◆ **DATA**:
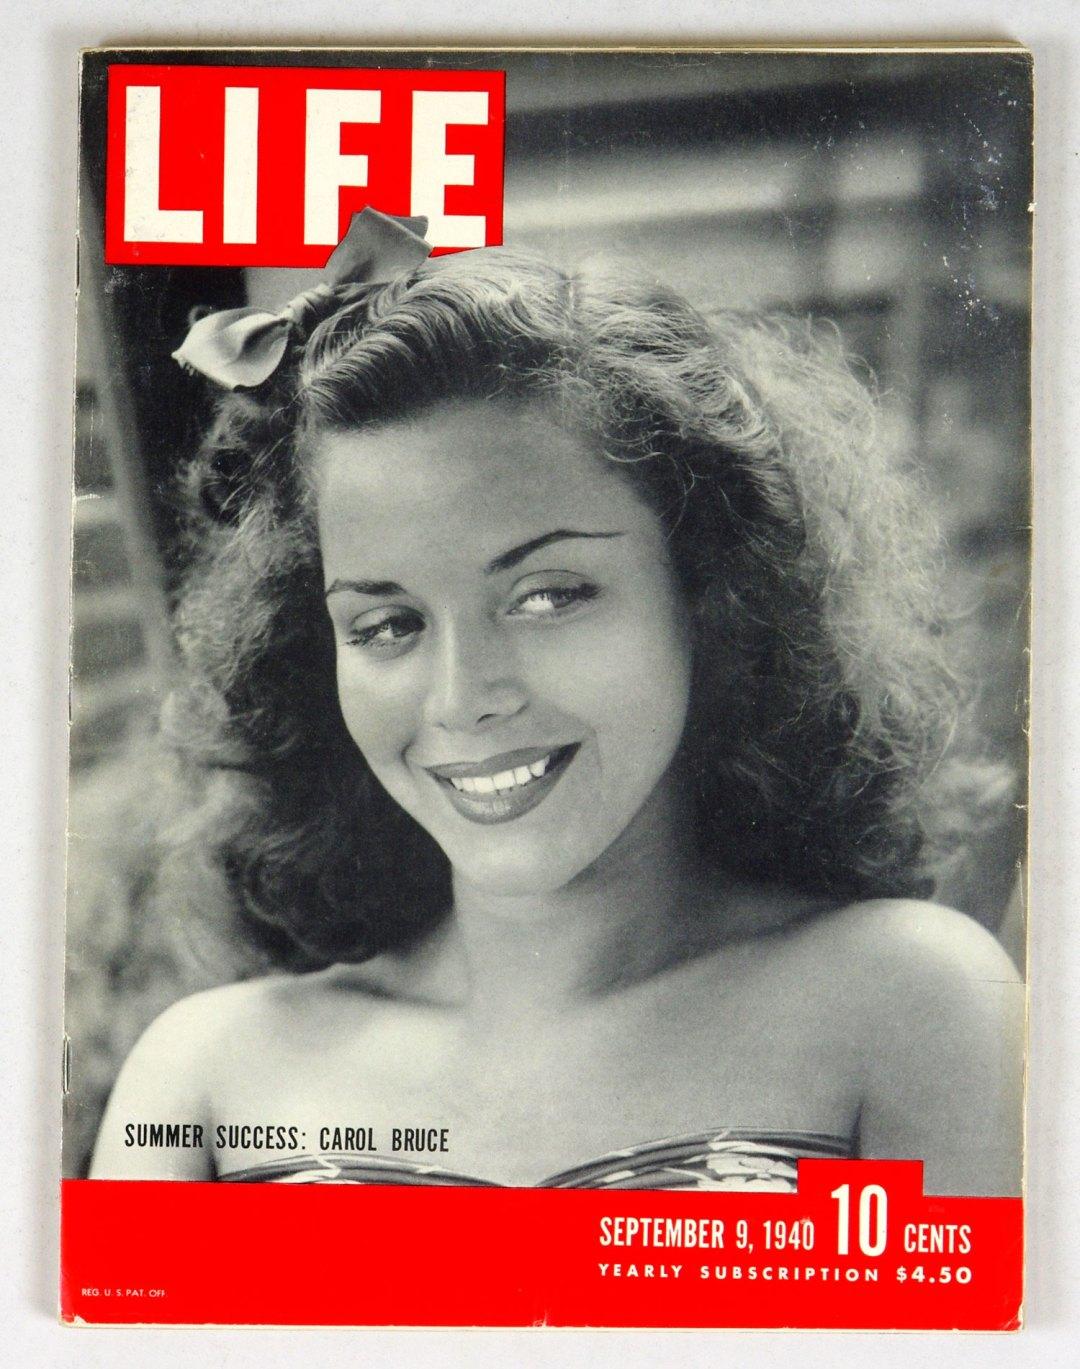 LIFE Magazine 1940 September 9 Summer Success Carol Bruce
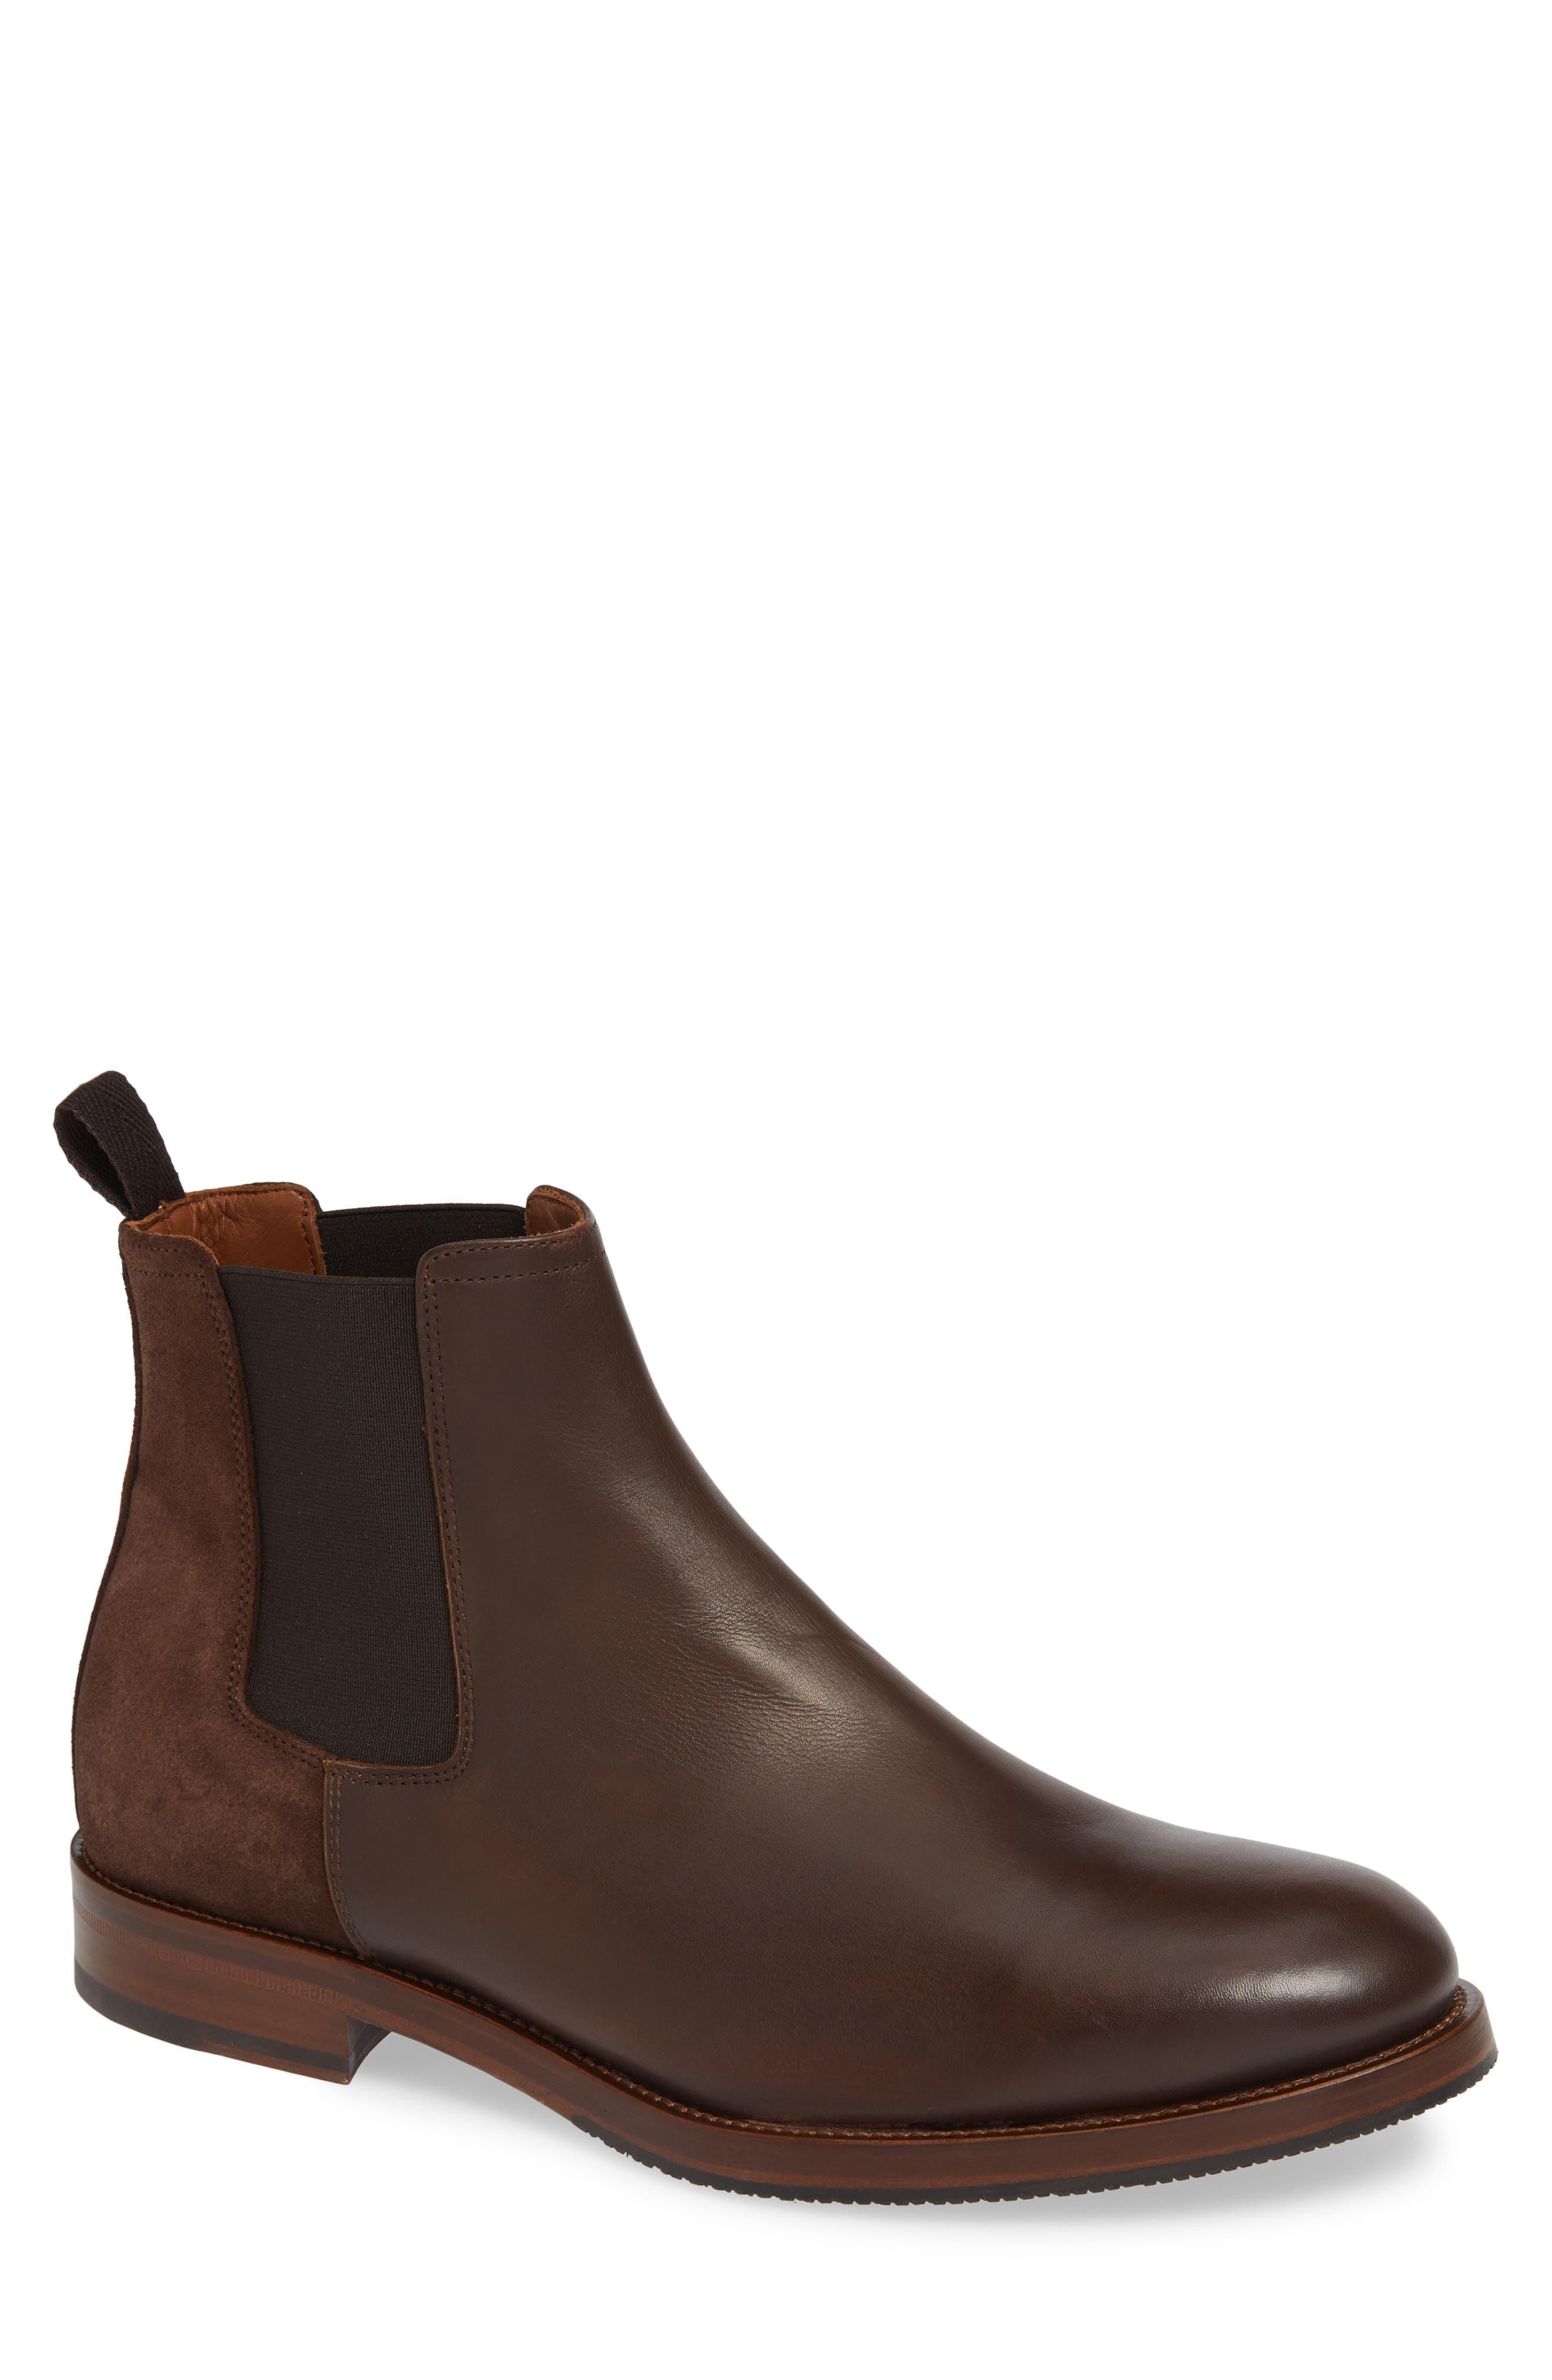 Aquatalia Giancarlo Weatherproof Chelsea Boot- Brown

--

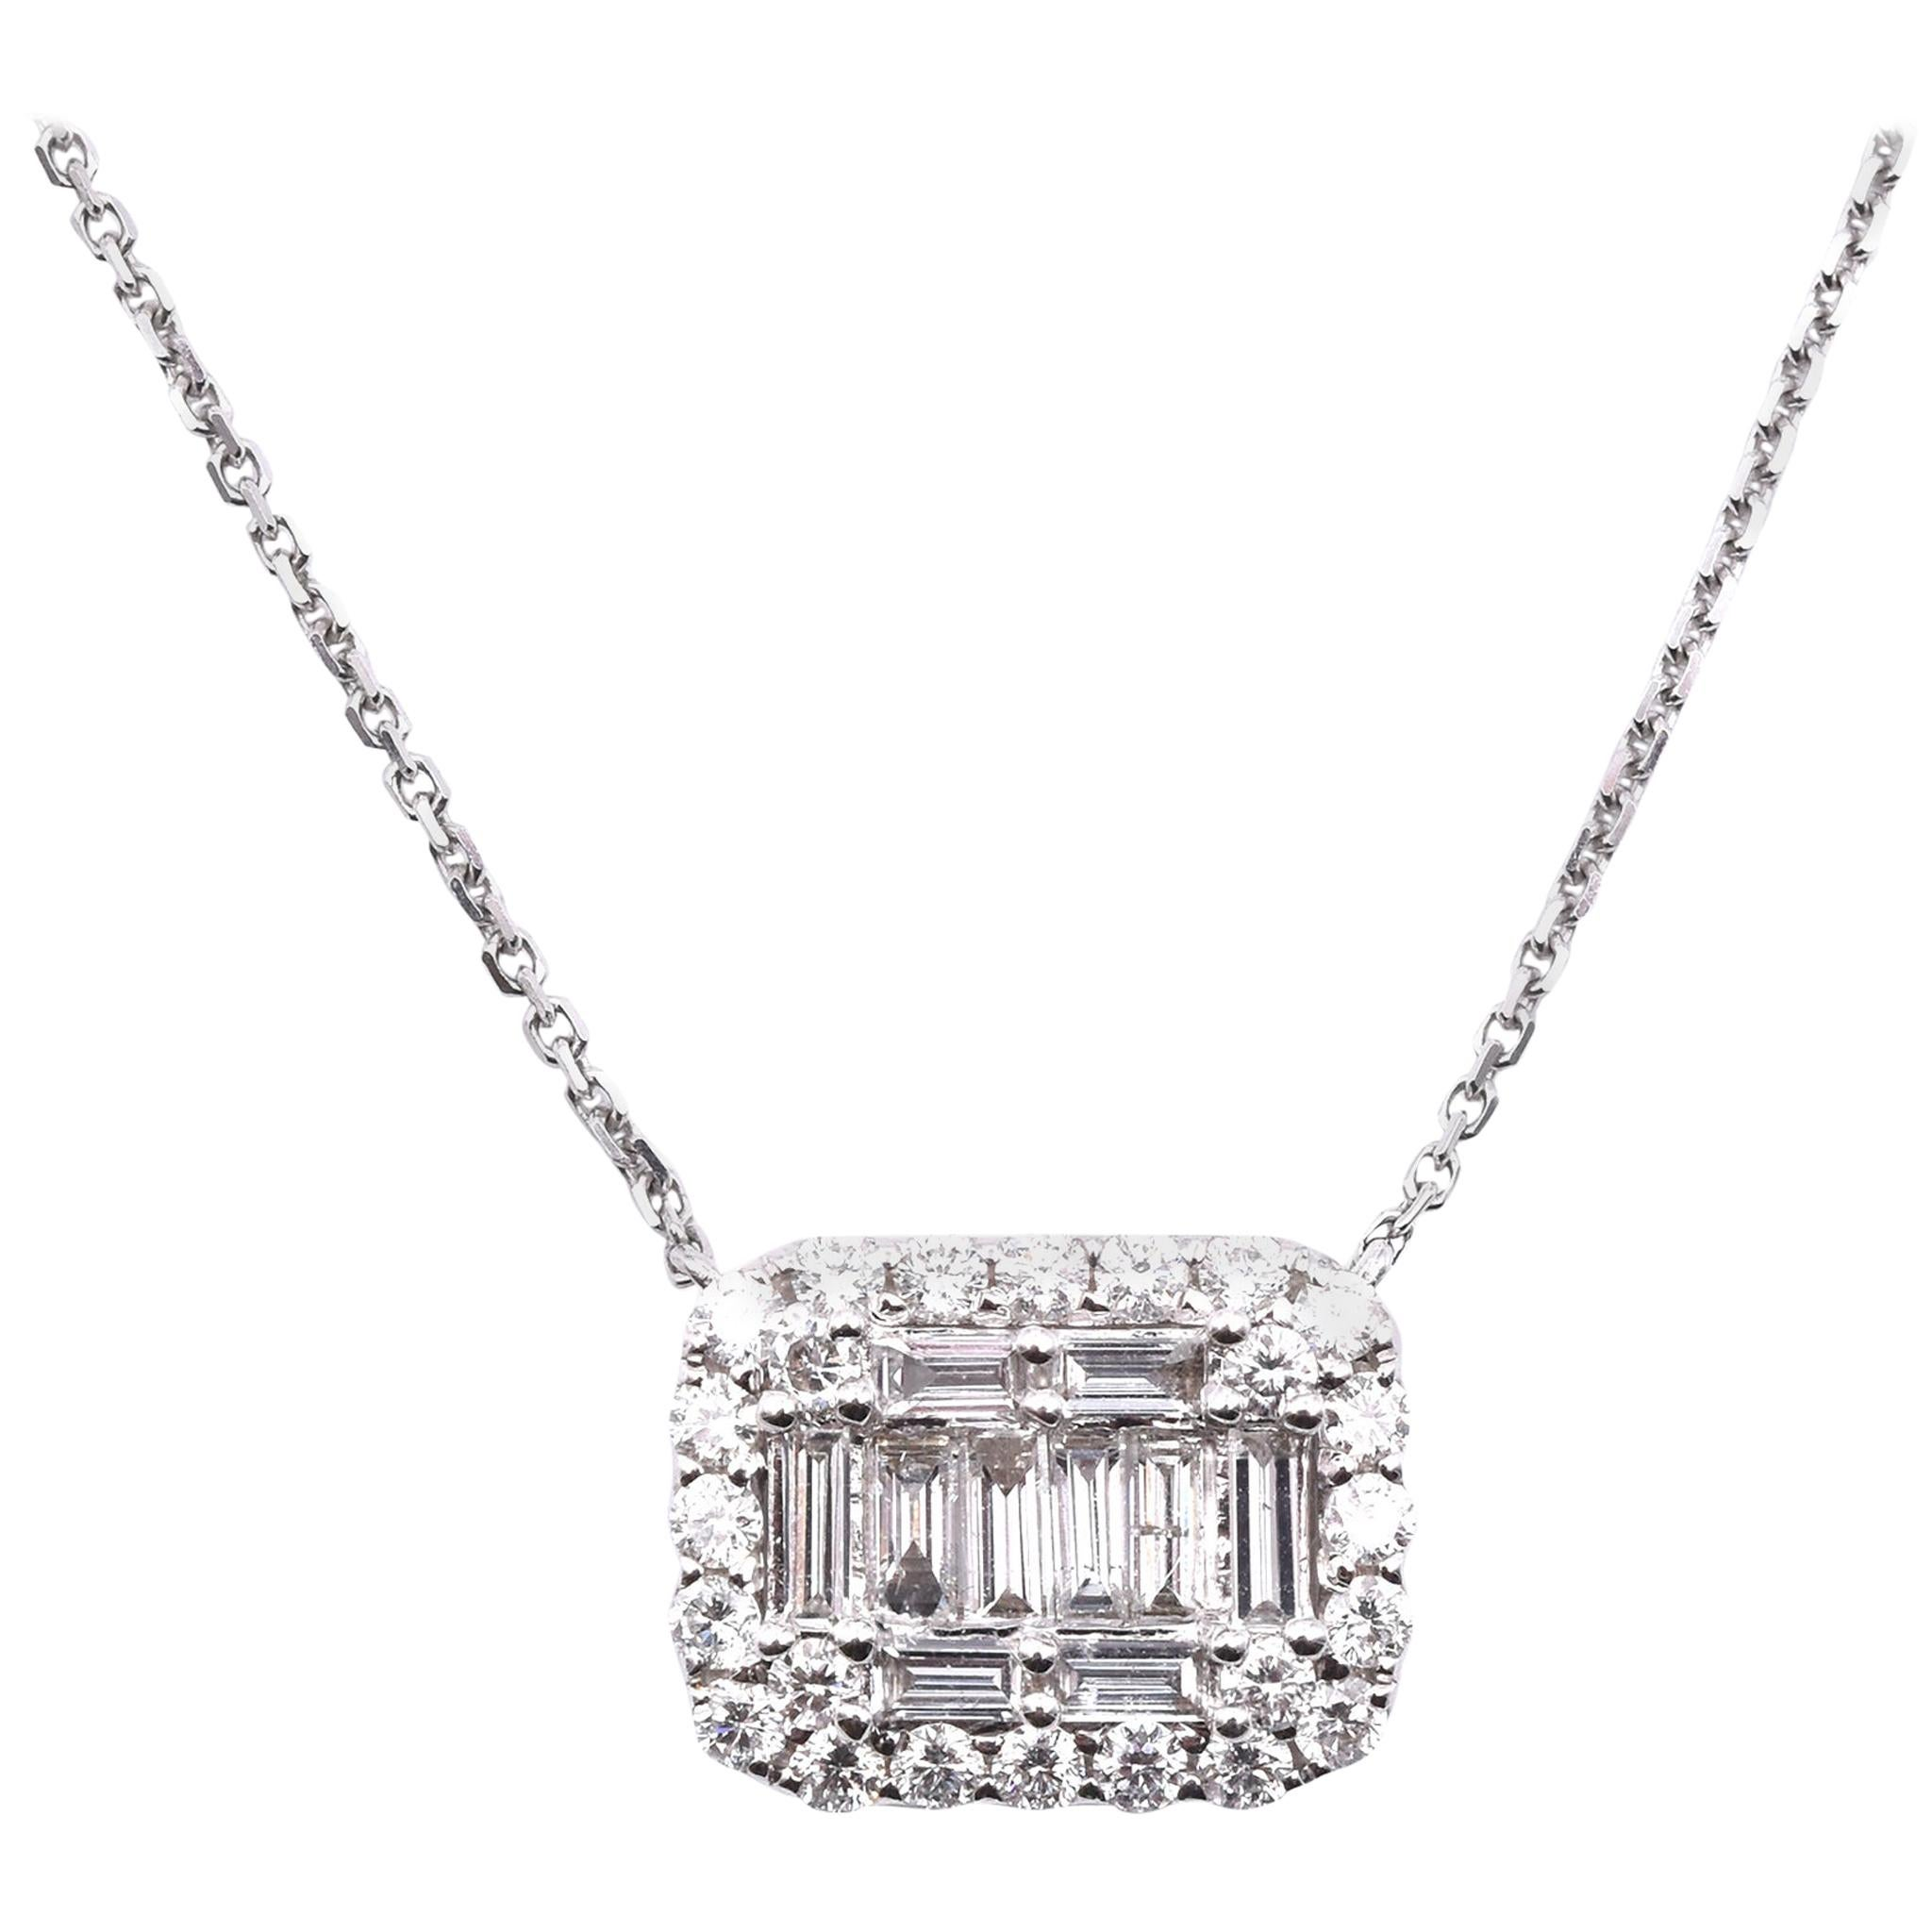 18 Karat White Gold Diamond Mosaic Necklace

◆ **ACTIVITY**: From the records above, copy only the lines running from the line containing "LIFE Magazine 1940" to the line containing "Aquatalia Giancarlo Weatherproof", both ends included. Leave the pictures out.

◆ **ANSWER BELOW**:
 LIFE Magazine 1940 September 9 Summer Success Carol Bruce
 Aquatalia Giancarlo Weatherproof Chelsea Boot- Brown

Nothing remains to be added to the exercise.